Overnight whatever grain you want
Overnight oats have been a total lifesaver for me. Spending 20 minutes or so stirring a pot on the stove is no way to start a morning, when you could spend that 20 minutes sleeping. More sleep is one of the keys to living longer, because if I’m properly rested I’m way less likely to be a major bitch, and thus my chances of being stabbed decrease exponentially. It’s also important for me to eat oats every morning because I have high cholesterol, so my stupid-ass genetics have really given me absolutely no choice in the matter.
While I do love oatmeal, I’m not really a fan of eating the same exact thing every single day. I’m also a renegade who laughs in the face of convention: Who says that oats are the only grain I can be eating before noon? There are so many high-fiber carbs that I can “overnight”! You’re not the boss of me, creepy Quaker Oats guy!
It’s easier to eat breakfast when it tastes like dessert, and being a rice pudding enthusiast, overnight rice is one of my favorites. The caveat is that, unlike oats, it’s not 100 percent no cook, but it’s really not that difficult to make (plus you can make a big batch to eat all week).
Pick whatever rice you’re into: brown, pink, black—as long as it’s got fiber in it, you’re good. Put it in a pot with cold water, bring it to a boil, and cook for about 10-15 minutes. You don’t want to cook it 100 percent of the way; you’re just looking to give it a jump start by parboiling. Drain well and dump into a bowl, then mix it up with a bit of sweetener, some spices, and enough milk to make it look like a loose porridge. Divide it between your containers, top it off with a bit more milk, and refrigerate.
Want to skip the parboiling? Do this with leftover brown rice from Chinese delivery.
Overnight Wild Rice
Fun fact: Wild rice isn’t actually rice. It’s an aquatic grain. Does this really matter in the grand scheme of things? No.
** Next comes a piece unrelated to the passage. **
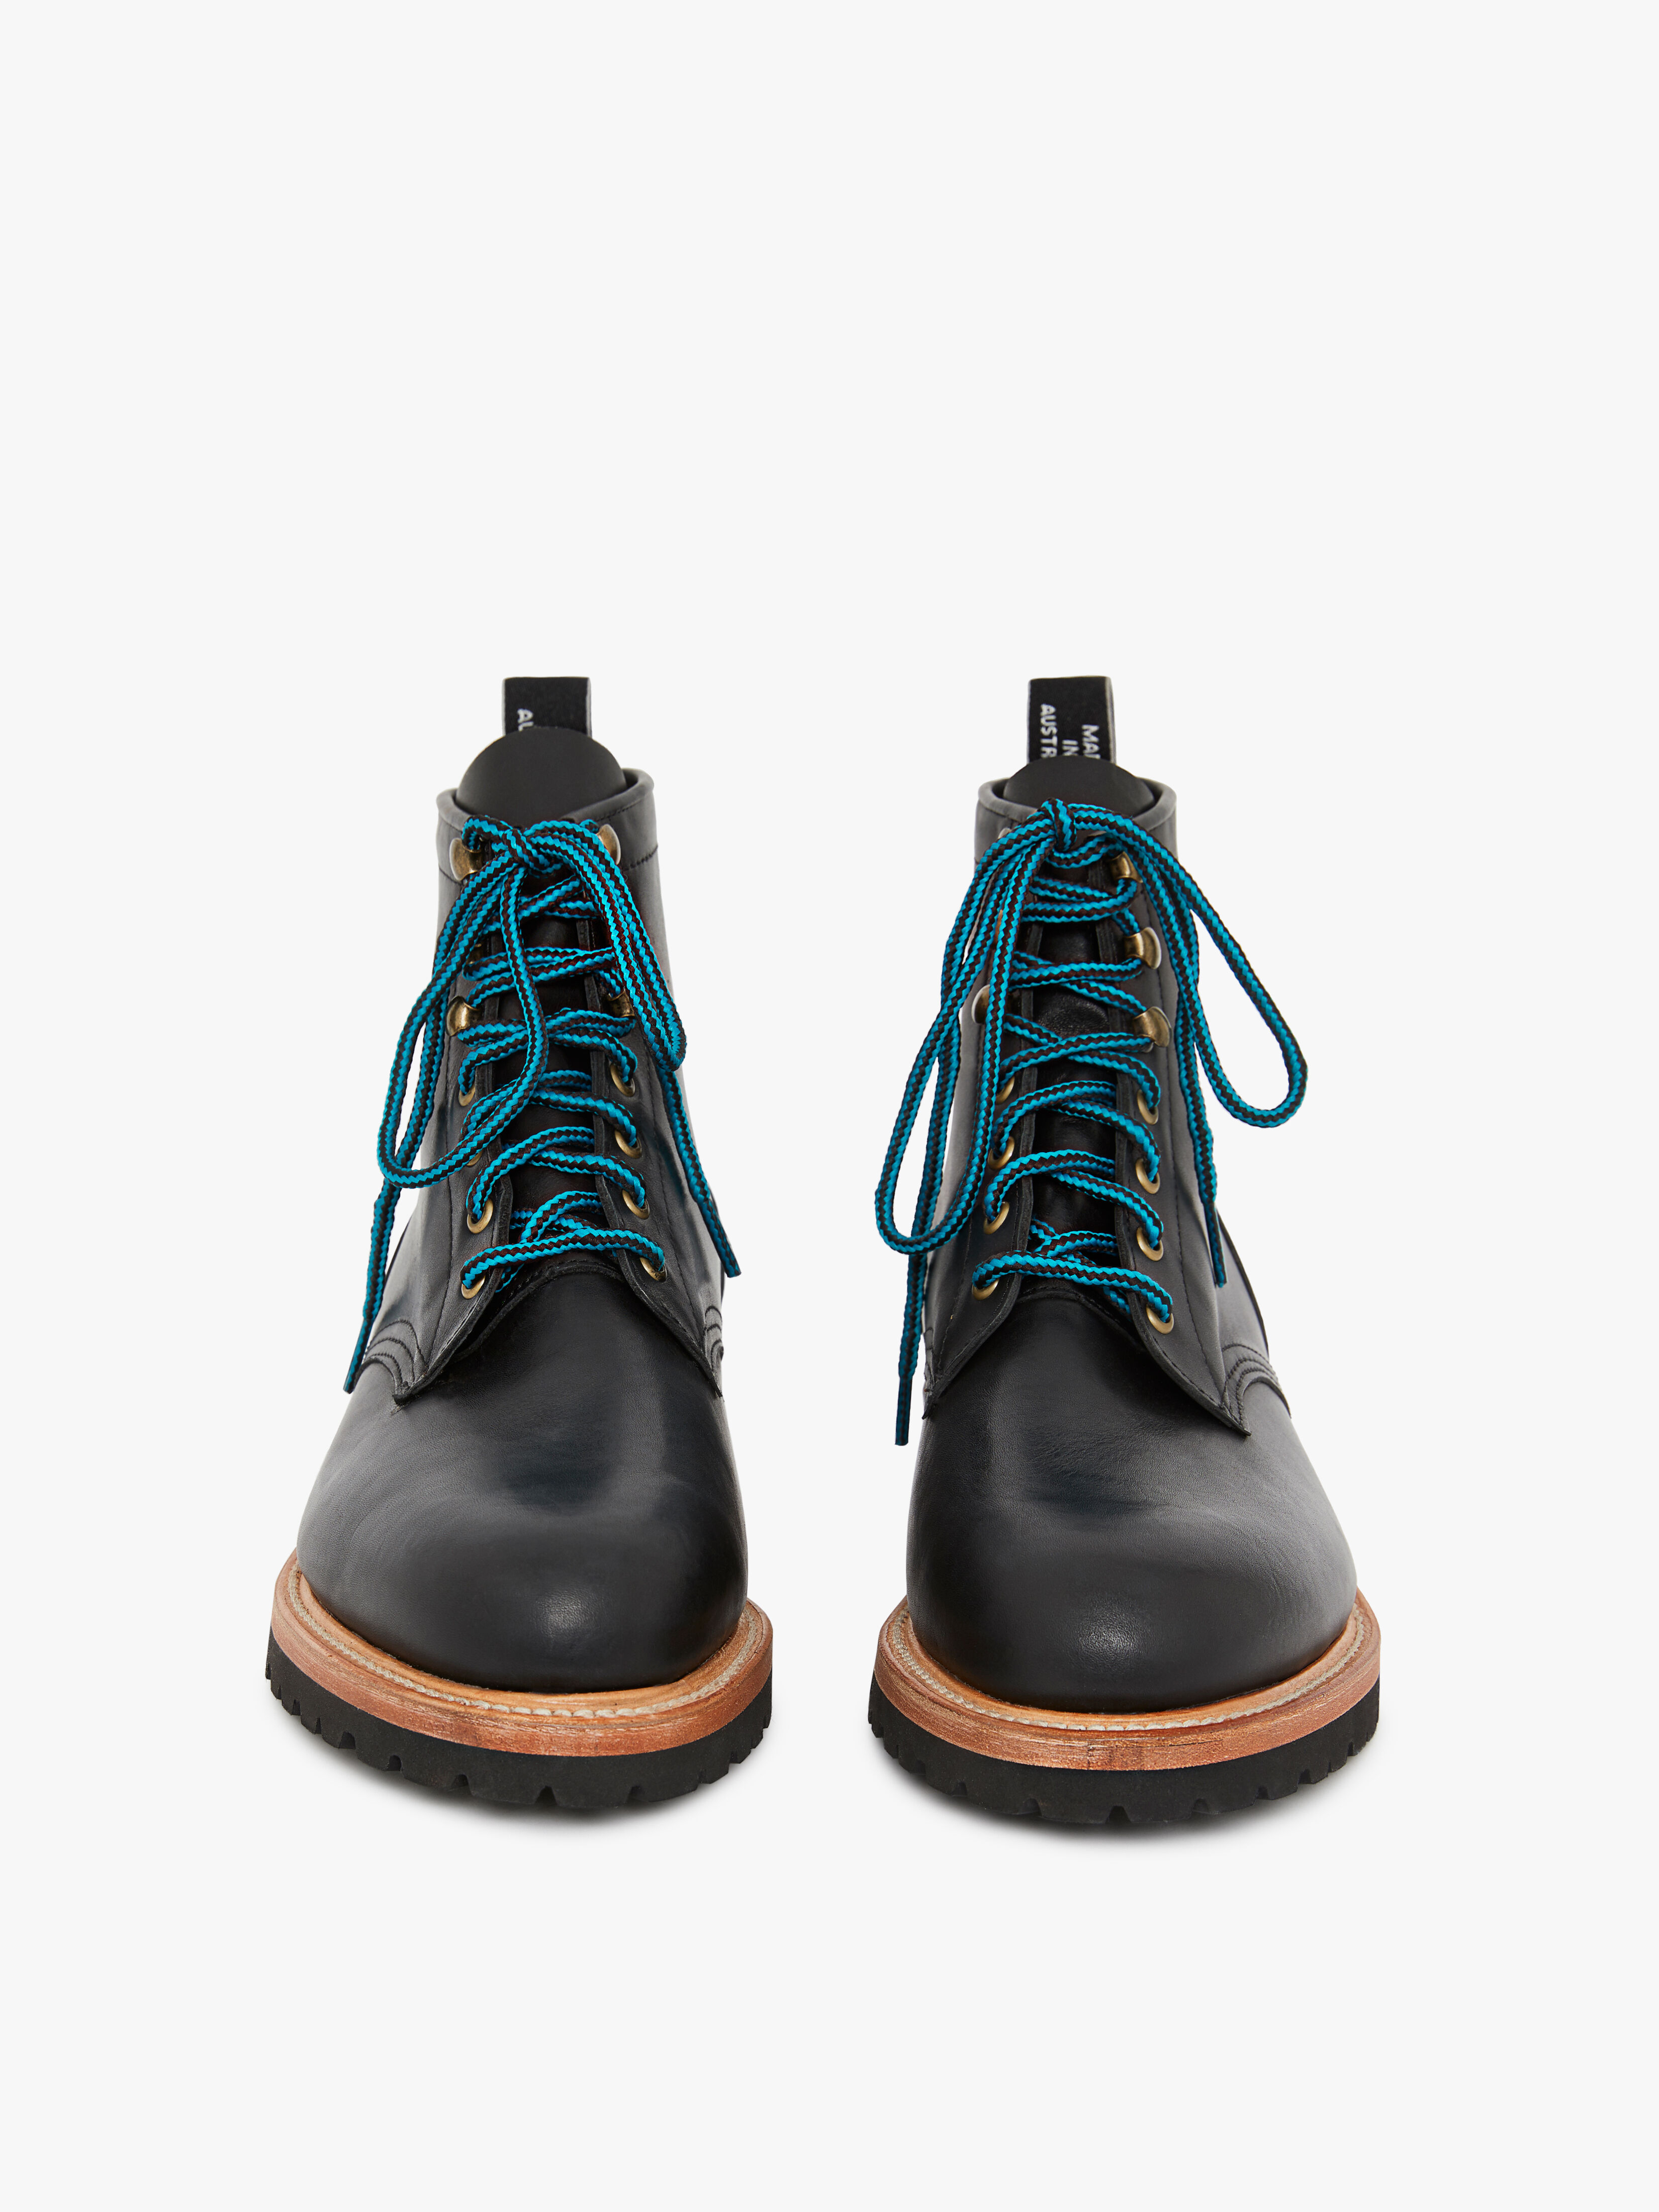 rm williams hiking boots

It’s got a crap-ton of fiber, tons of vitamins and minerals, and unlike “real” rice, it’s loaded with antioxidants.
Treat it like overnight rice, though cook it for a solid 30 minutes first. Try mixing it up with some dried cranberries and maple syrup in addition to the milk and spices.
Quinoa has a lot of protein, a bunch of healthy compounds I can’t pronounce, twice the fiber of most other grains, and loads of iron, which is great for all the ladies in the audience. In this application, the quinoa needs to be fully cooked before using. If you’re already thinking “this is too much work,” you should know that cooked quinoa can be frozen, meaning you can probably boil a huge pot of it once a month and then be done with it. Package them in quart sized freezer bags, pull one out at the beginning of each week, and mix it up well with milk, yogurt, fruit, nuts- whatever you’d like. Just remember you want that loose porridge consistency, because it will get thick as it sits.
Barley is so good, yet possibly the most unpopular grain in the supermarket. Couscous, quinoa, and many other alt-grains have broken into the mainstream, but poor little barley sits all alone, twiddling its thumbs until someone decides to make beef soup. But starting today, that becomes a thing of the past! Barley is one of the overnight grains you don’t have to precook, and one that retains a nice chewy texture after a night in the fridge with some milk or yogurt. Try swapping in into your favorite overnight oats recipe and see how you feel about it.